I don’t mean novelty for it’s own sake — I love this statement:


*“The merit of originality is not novelty; it is sincerity. The believing man is the original man; whatsoever he believes, he believes it for himself, not for another.” ~ Thomas Carlyle


That’s very much my feeling about originality — I’m not much impressed by what looks to me like novelty for the sake of novelty, but I can appreciate almost anything if it feels to me like it had to be done — that it was somehow a necessity for its maker. That the idea had a voice of its own and cried out to be manifest, as it were. Of course, that’s a subjective & intuitive judgement on my part when looking at a piece, but I’ve not come up with a better way to sum up what I respect in art…


So, I'd expect the artist on a forward roll to want to keep evolving, rather than to copy her/his former self... though the affinities to style and period could surely manifest... :)
 
Everything is possible


Art is my pet subject because as a child I was fascinated with paining, drawing. I read and re-read a hundred times the fictional biography of Michael Munkacsy who was a well known Hungarian artist of his time. Recently, I've discovered the possibility that my past life I was Austin Spare, the English painter and mystic. I was born in Hungary but I wanted to be English as far as I remember (see, I actually been that, a Londoner at that).

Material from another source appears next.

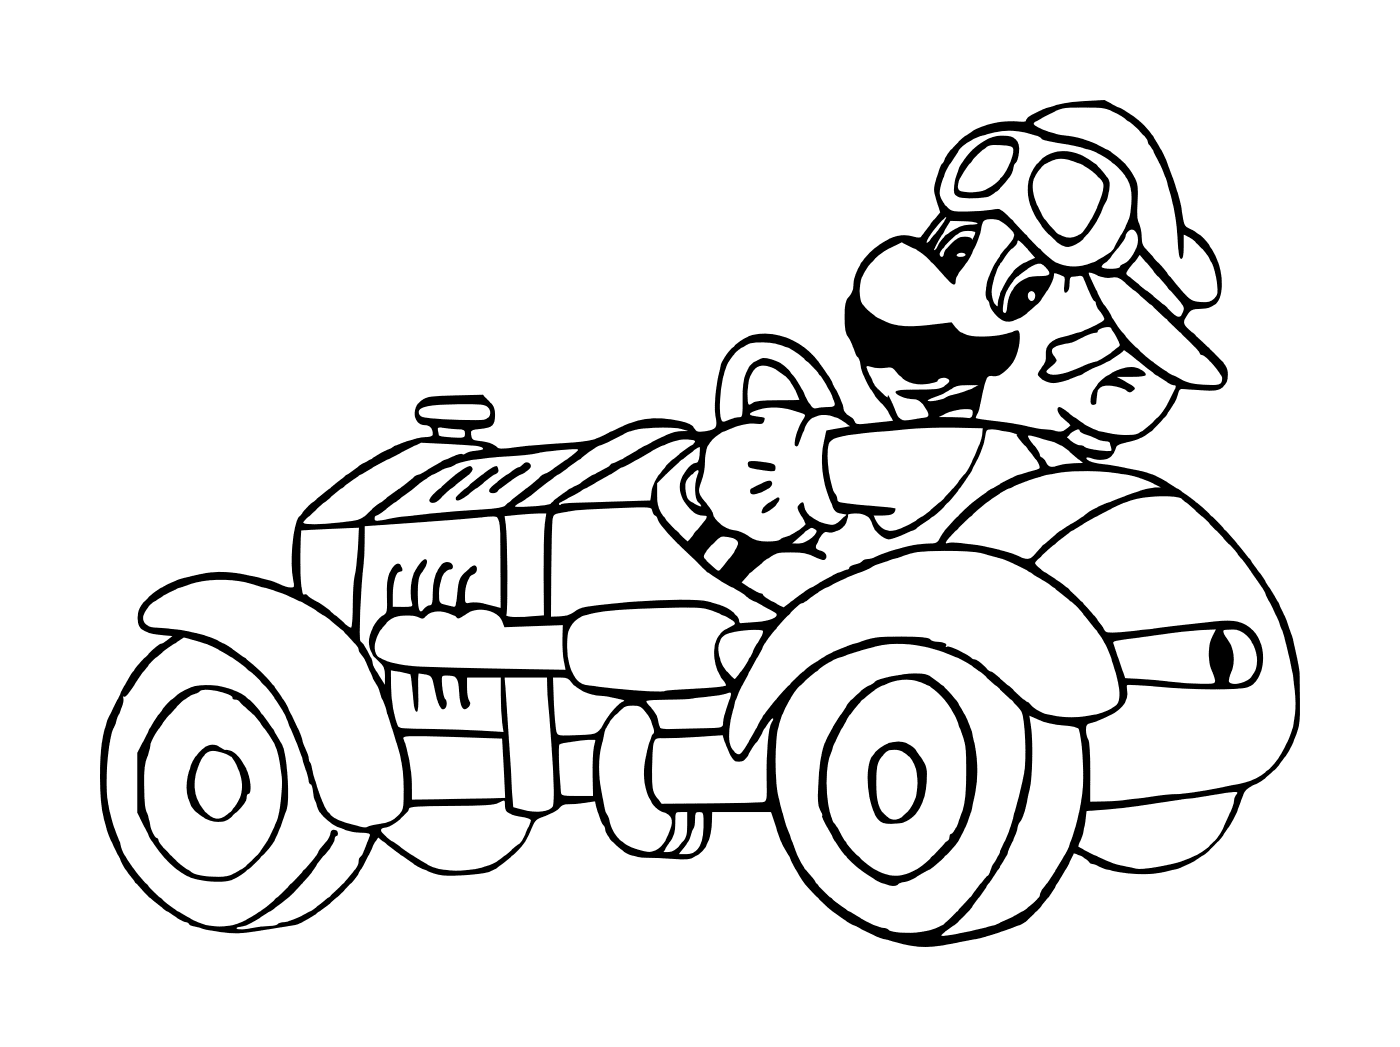  Mario Kart, um carro velho 
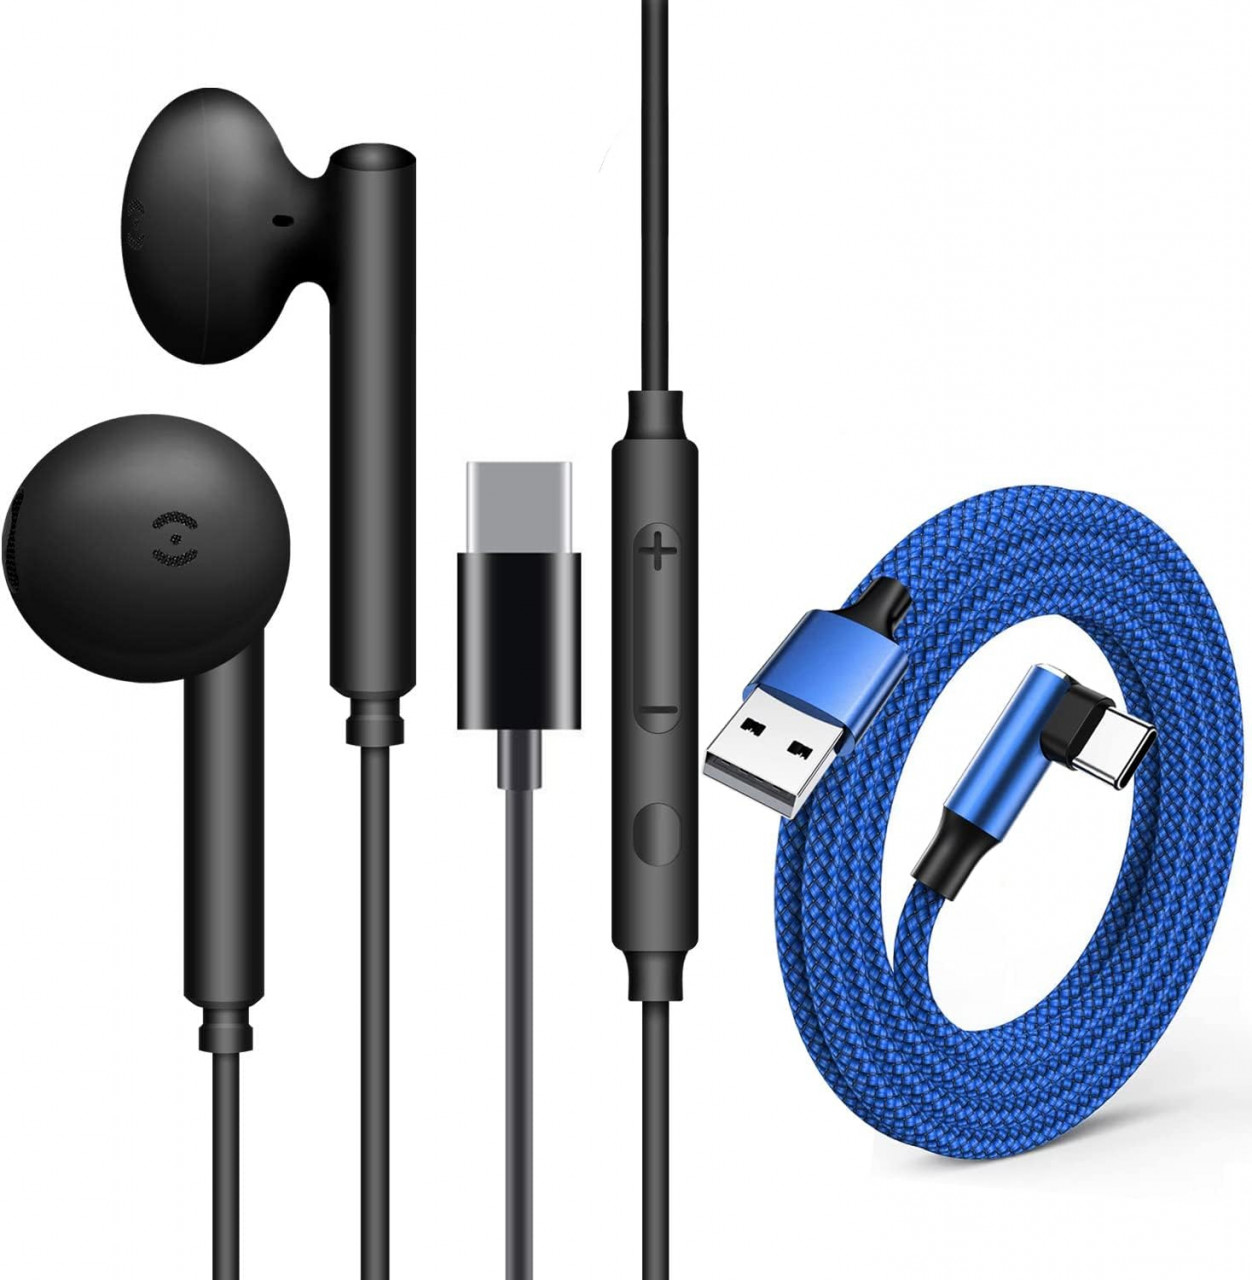 Set de casti USB-C cu microfon incorporat si cablu USB ZJXD, plastic/nailon/metal, albastru/negru chilipirul-zilei.ro/

I was also attracted to Durer's drawings at a quite an early age.
 
Performing-arts and past-lives.


Hello,


Can participation in the performing-arts i.e., as theater performers, as well as audience at plays evoke possible past-life memories?


Marc
 
Performing-arts and past-lives.

Can participation in the performing-arts i.e., as theater performers, as well as audience at plays evoke possible past-life memories?

I derived my own painting techniques from dreams and flashbacks.

In this case, there could be a PL in the Performing Arts manifesting itself. I believe it a yes.
 
Everything is possible

Recently, I've discovered the possibility that my past life I was Austin Spare, the English painter and mystic. I was born in Hungary but I wanted to be English as far as I remember (see, I actually been that, a Londoner at that).


I was also attracted to Durer's drawings at a quite an early age.

AOS,

Have you actually seen a canvas (or canvases) painted by him? If so, did it evoke a memory or flashback or did you react in any adverse way? I ask this because I had a shell shock-like experience on seeing a Sisley painting up close for the first time in 1987 in an art gallery. And yes, personality traits and tastes do repeat in reincarnation cases.